*About this task:*
Pictures are to be left out; every line from the one with "Amsterdam street view" through the end of the data must be transcribed exactly.

*Data shown:*
*** Begin section ***
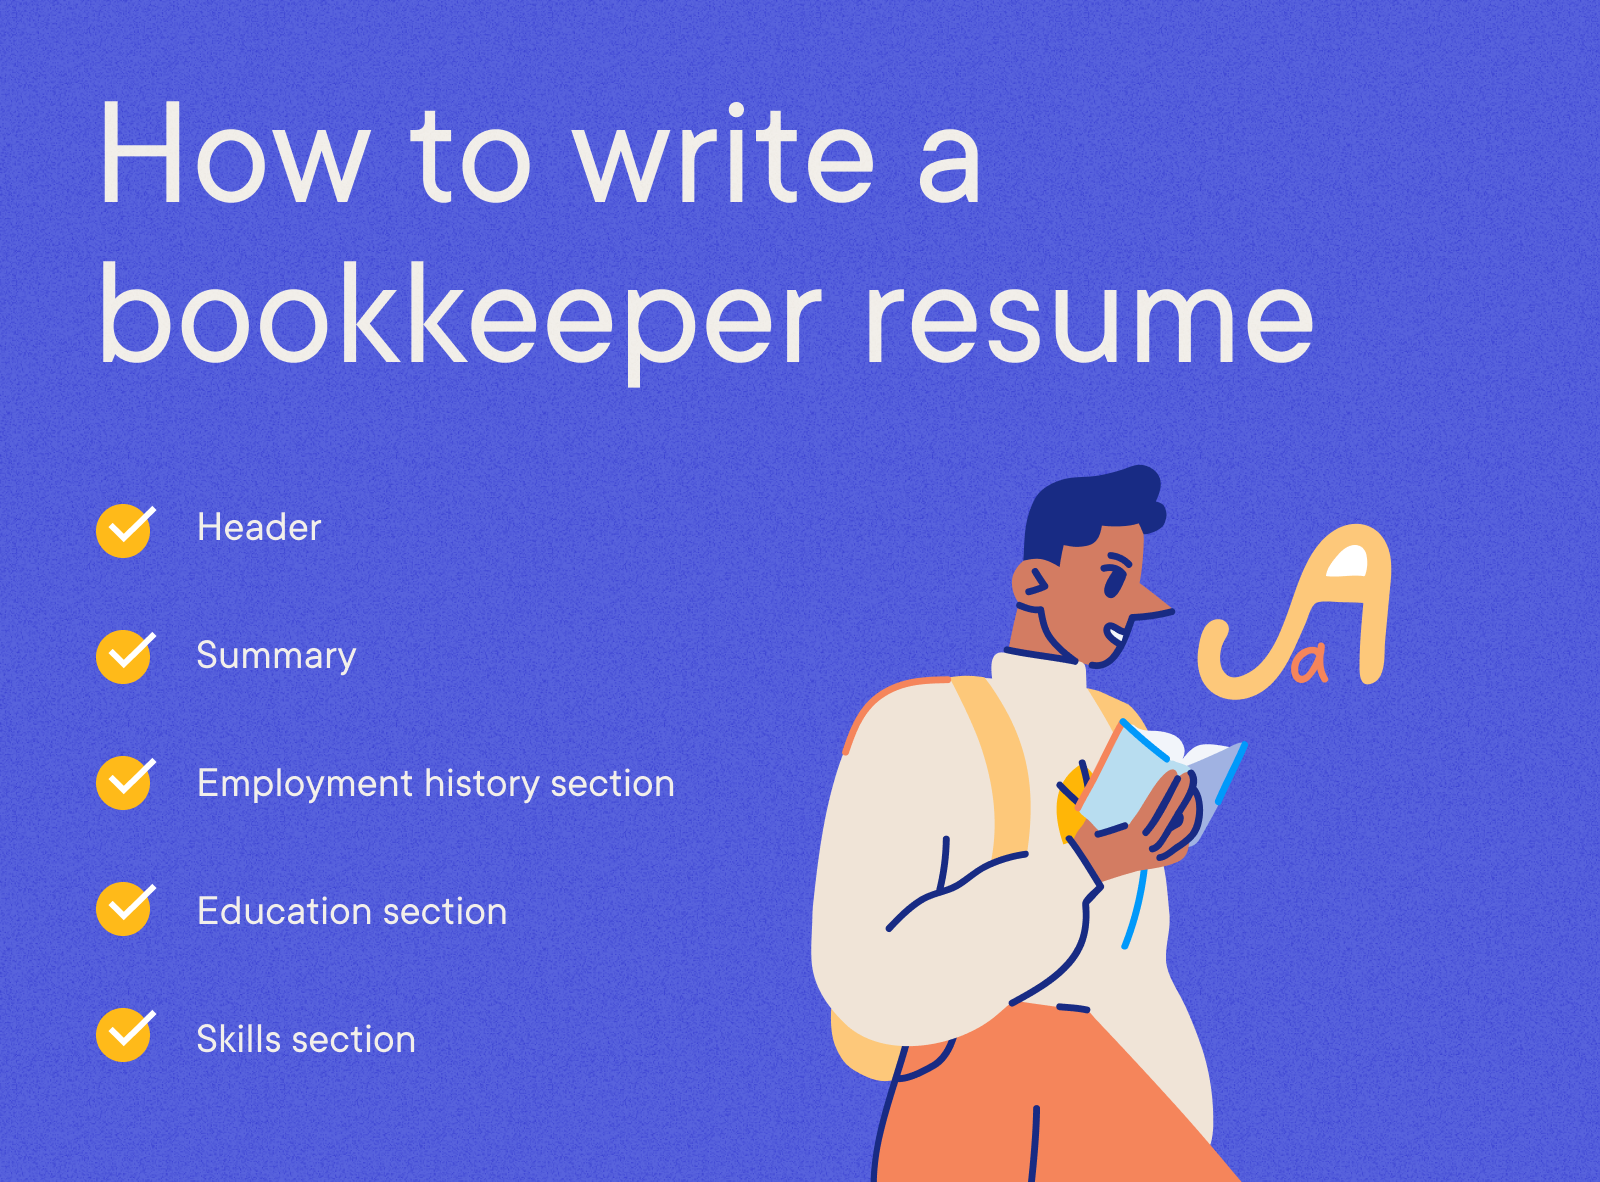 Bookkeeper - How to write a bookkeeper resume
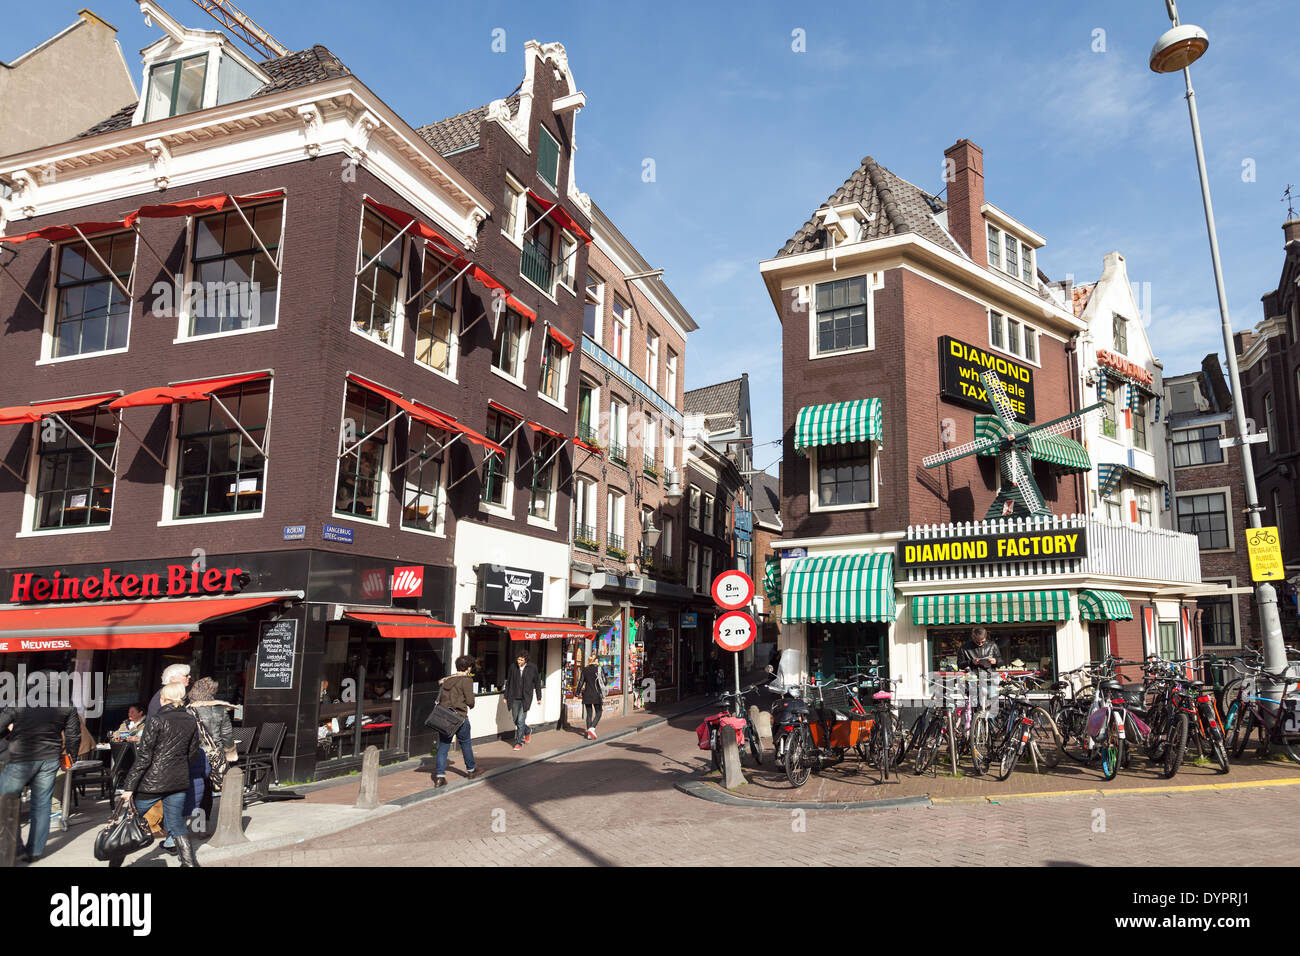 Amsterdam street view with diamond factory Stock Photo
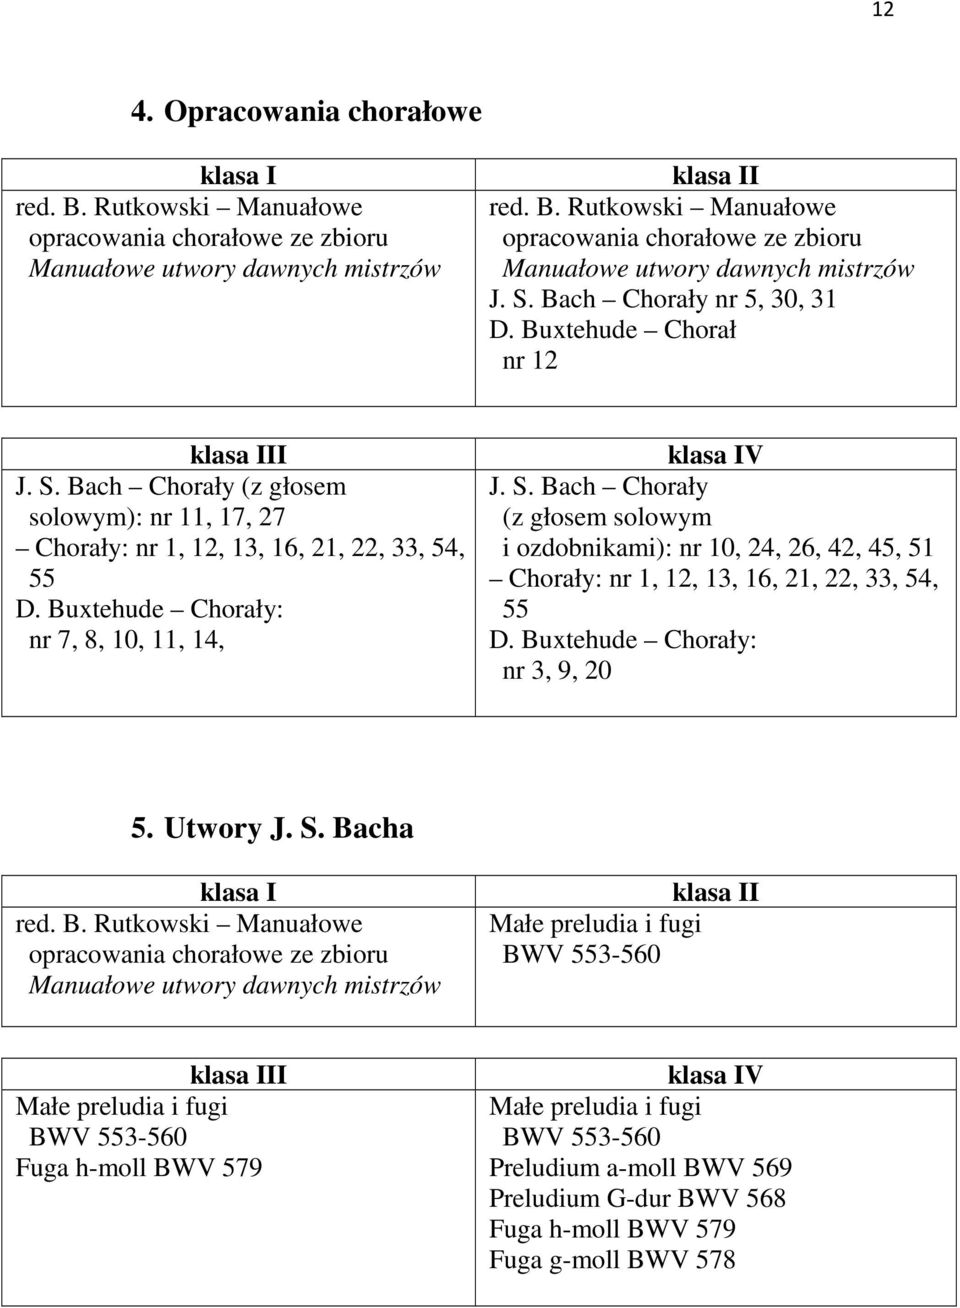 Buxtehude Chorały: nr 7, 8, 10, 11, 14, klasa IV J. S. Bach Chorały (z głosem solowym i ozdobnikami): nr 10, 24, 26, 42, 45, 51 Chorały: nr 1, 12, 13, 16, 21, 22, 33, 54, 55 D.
*** End section ***
*Result of the exercise:*
 Amsterdam street view with diamond factory Stock Photo
 Buxtehude Chorały: nr 7, 8, 10, 11, 14, klasa IV J. S. Bach Chorały (z głosem solowym i ozdobnikami): nr 10, 24, 26, 42, 45, 51 Chorały: nr 1, 12, 13, 16, 21, 22, 33, 54, 55 D.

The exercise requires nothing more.